Surprisingly, both tests showed the same power irrespective of the scenario or the design considered. Indeed, even if LRT is based on the fitting of two models to get the two likelihoods, it did not show greater power than a simple CT based on EBEs, even with high shrinkage. As a conclusion, because of its faster execution, we think that the CT should be used in a first screening of the relevant covariates, and then the selected covariates can be tested in a stepwise procedure to build the full covariate model using the LRT.

Savic and Karlsson¹¹ highlighted a possible issue when using the CT to screen covariates when there is high shrinkage in the EBEs and recommended a test that does not rely on EBEs. Our study shows that such a test, the LRT for instance, does not behave differently from the CT, whatever the shrinkage. Indeed, the loss of power associated with high shrinkage in CT has the same influence in the LRT and is linked with less information in the design. It also showed that the size of the covariate effect is the main factor linked to any covariate detection issue. Bertrand et al.¹² showed a similar link between power and covariate effect. To a lesser extent, the information in the design also has an impact on the power, which decreases when the number of sampling times per subject decreases. Furthermore, when comparing the two designs with the same number of samples, power was found to be greater for 500 subjects (D2) than for 200 (D5), though the latter has lower shrinkage (Table 1, with β = 1, with WT effect on V). This decrease in power for 200 subjects can be explained by the very challenging conditions we used to simulate the covariate effect (rather small variance of WT and rather small covariate effect). These results are in accordance with the loss of power associated with decreased number of subjects reported by Liu et al.¹³ and Bertrand et al.¹⁴ Nevertheless, even if the LRT was not significant, the covariate effect, β, was always correctly estimated.

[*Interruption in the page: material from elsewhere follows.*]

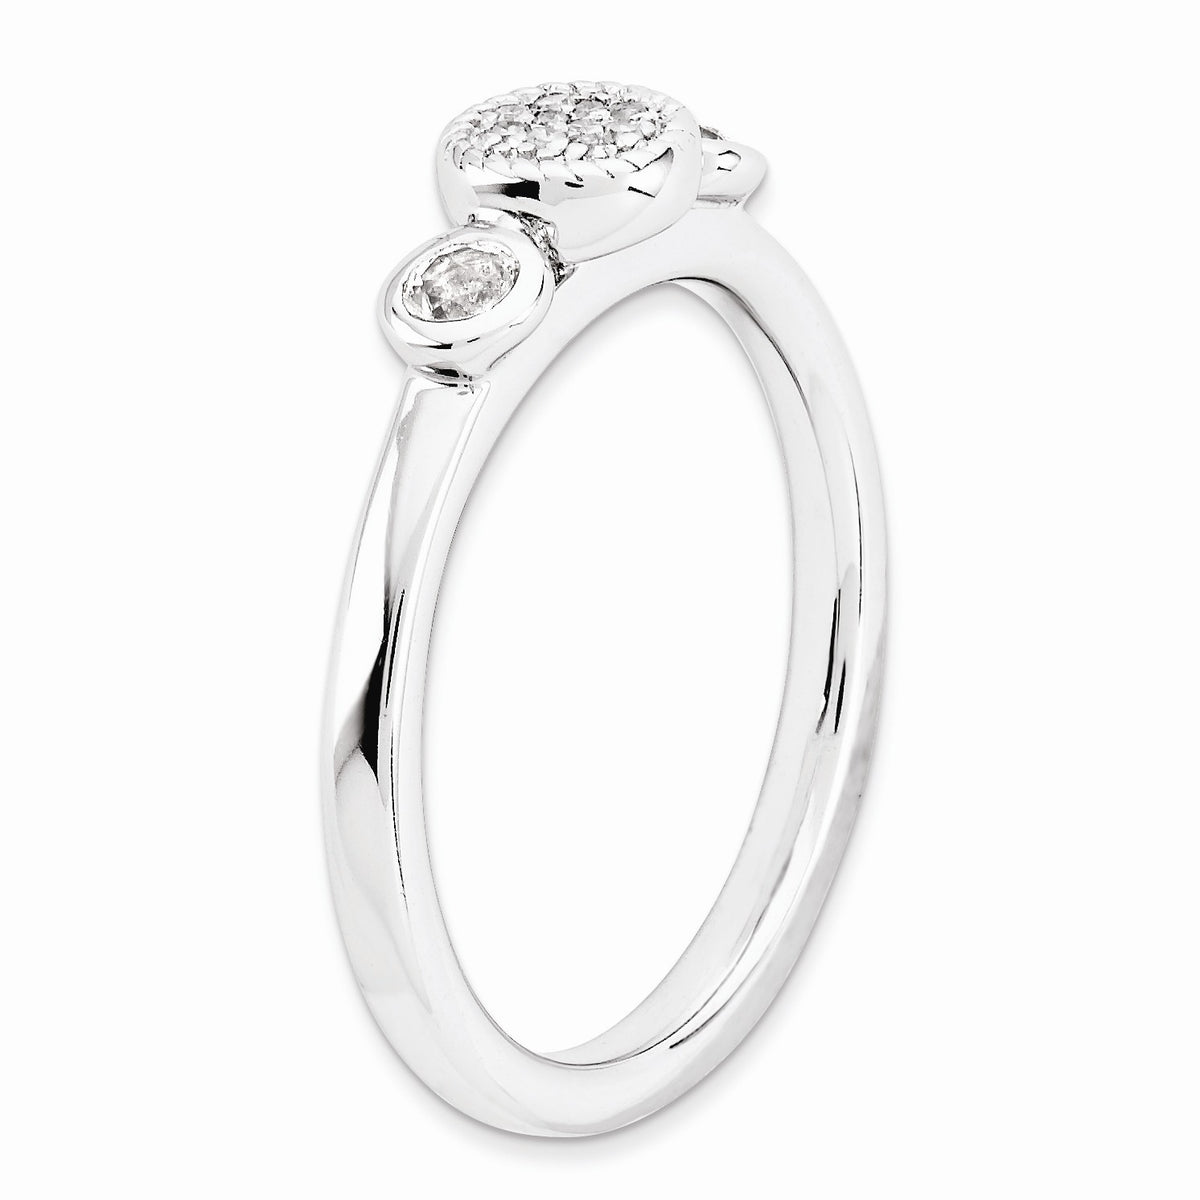 Alternate view of the Sterling Silver Stackable White Topaz and .05 Ctw HI/I3 Diamond Ring by The Black Bow Jewelry Co.

Considering the induction of correlation due to high shrinkage, a slight inflation of type 1 error in scenario 2 was found. This inflation could be explained by the EBE correlation between V and CL. The influence of design on EBE correlation should be investigated in future work. Further work is also needed to explore the influence of design on a full covariate modeling process, with several covariates influencing the parameters.

This simulation study also confirms the good prediction of shrinkage using the Bayesian Fisher information matrix, as already shown in ref. 9, when planning clinical studies. This could be helpful in the design of population studies wherein individual estimation of individual parameters with small shrinkage is needed.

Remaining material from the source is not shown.